Neither can it be said that there has been an unlawful redelegation by the school boards to the SDHSAA. The rules of the association are in reality the rules of the member school boards. By becoming a member of the association, the school board chooses to make the rules its own. Nothing compels membership; nothing prevents a school board from withdrawing from the SDHSAA should an undesirable rule be adopted. Quimby v. School District No. 21 of Pinal County, 1969, 10 Ariz.App. 69, 455 P.2d 1019.

If officials of a school desire to associate with other schools and prescribe eligibility standards for student participation in interscholastic activities, and member schools vest enforcement of those rules with the association, then a court should not interfere in the internal affairs of that association. State ex rel. Missouri State High School Activities Ass'n v. Schoenlaub, 1974, Mo., 507 S.W.2d 354; Scott v. Kilpatrick, supra; Quimby v. School Dist. No. 21 of Pinal County, supra; Brown v. Wells, 1970, 288 Minn. 468, 181 N.W.2d 708; Tennessee Secondary Sch. Athletic Ass'n v. Cox, 1968, 221 Tenn. 164, 425 S.W.2d 597; Robinson v. Illinois High School Association, 1963, 45 Ill.App.2d 277, 195 N.E.2d 38; Starkey v. Board of Ed. of Davis County School Dist., supra; State ex rel. Ohio High School Athletic Ass'n v. Judges of Court of Common Pleas, 1962, 173 Ohio St. 239, 181 N.E.2d 261.

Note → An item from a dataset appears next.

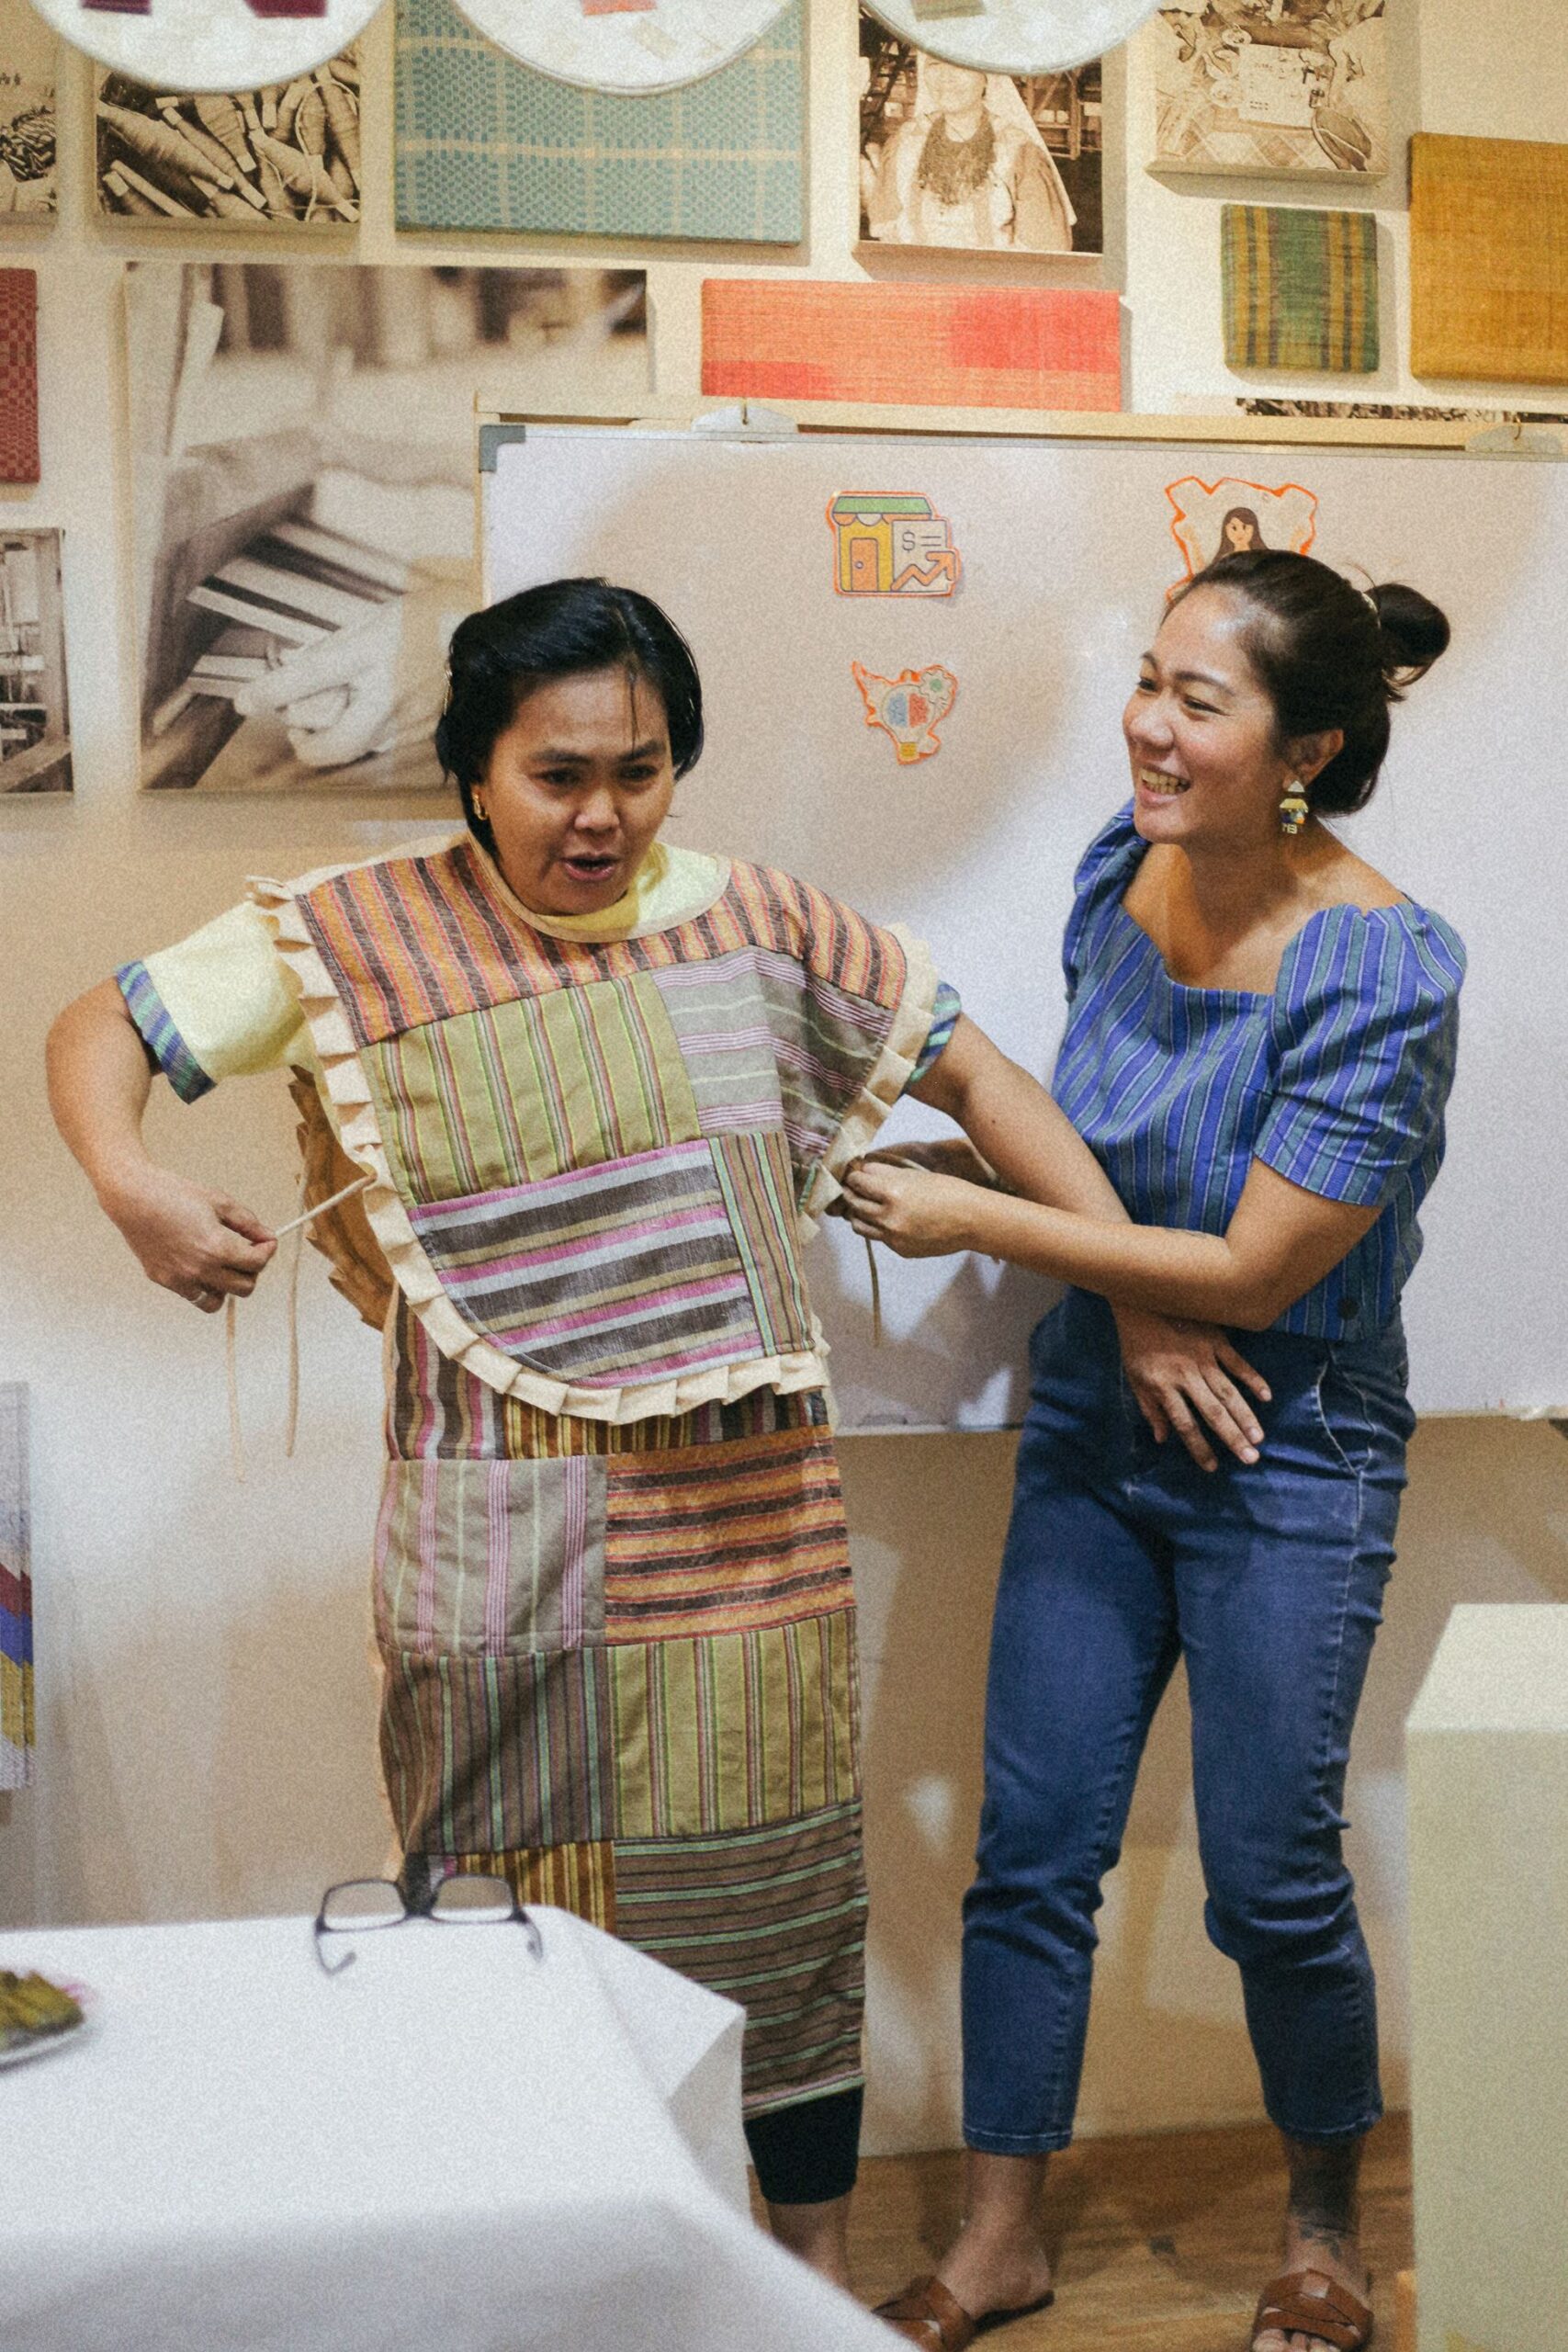 Anya Lim helping out Bayani Artisan and "Master Seamstress" Ate Belen model her creations and rewards for our crowdfunding campaign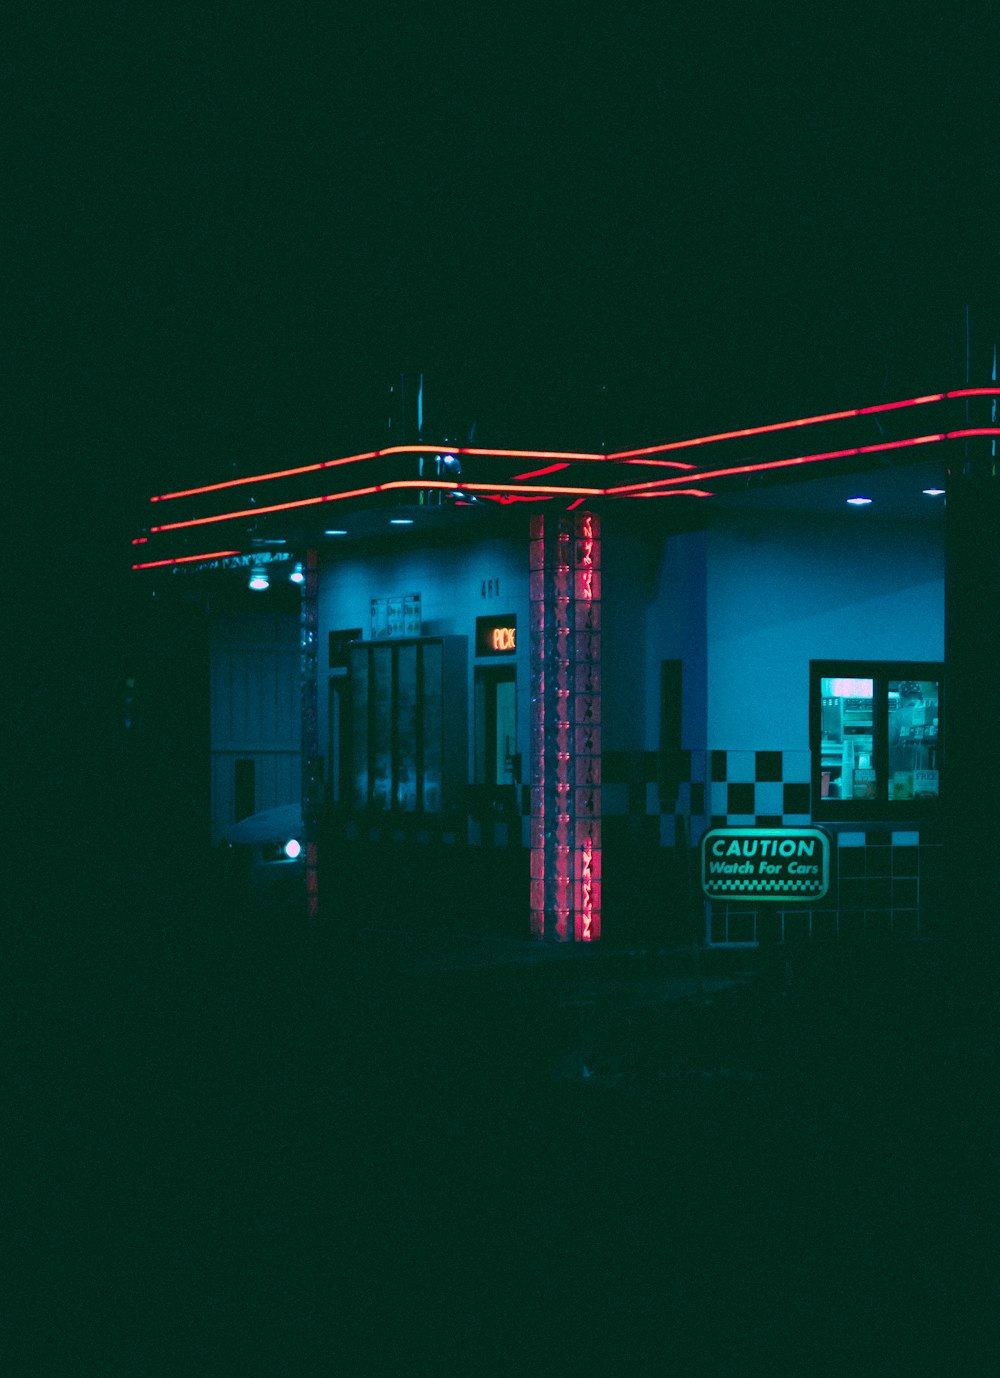 a gas station lit up at night with neon lights

"In the absence of any evidence of fraud or collusion, or that the defendants acted unreasonably, arbitrarily, or capriciously, the Athletic Association must be, under the authorities cited, permitted to enforce its rules and orders without interference by the courts." State ex rel. Missouri State High School Activities Association v. Schoenlaub, 1974, Mo., 507 S.W.2d 354, 358, quoting Robinson v. Illinois High School Association, 1963, 45 Ill.App.2d 277, 195 N.E.2d 38, 43.

We have considered plaintiff's contentions and we find no merit to the assertion that there has been an unlawful delegation of legislative power to the SDHSAA. Any legislative delegation found in SDCL 13-36-4 goes only to school boards. The SDHSAA is a voluntary, nonprofit association; we are not presented with circumstances that would justify judicial interference with the internal affairs of that association.

Affirmed.

All the Justices concur.

NOTES

[1] "SECTION 11. DOCTOR'S HEALTH STATEMENT. Each school year every student, before being allowed to participate in interschool athletics, shall be certified as to the adequacy of his/her health for such participation, by a duly licensed doctor of medicine or a duly licensed four-year college trained osteopath, on official blanks furnished by the Executive Secretary. The date of such required health certification shall be one of the entries on the annual report of student athletic participation made to the Executive Secretary by each member school."

[2] Amendment of SDHSAA rules requires a two-thirds majority of those members voting. SDHSAA Const., Art. IX, § 5. The votes cast on the proposed amendment were as follows:

    1972 —Yes   81   No   119
    1973 —Yes   109  No   95
    1974 —Yes   88   No   119

[3] The SDHSAA is a creature of contract rather than legislation. Although SDCL 13-36-4 mentions an association, it clearly does not create the SDHSAA as plaintiff's brief indicates. The association predates the statute by several years.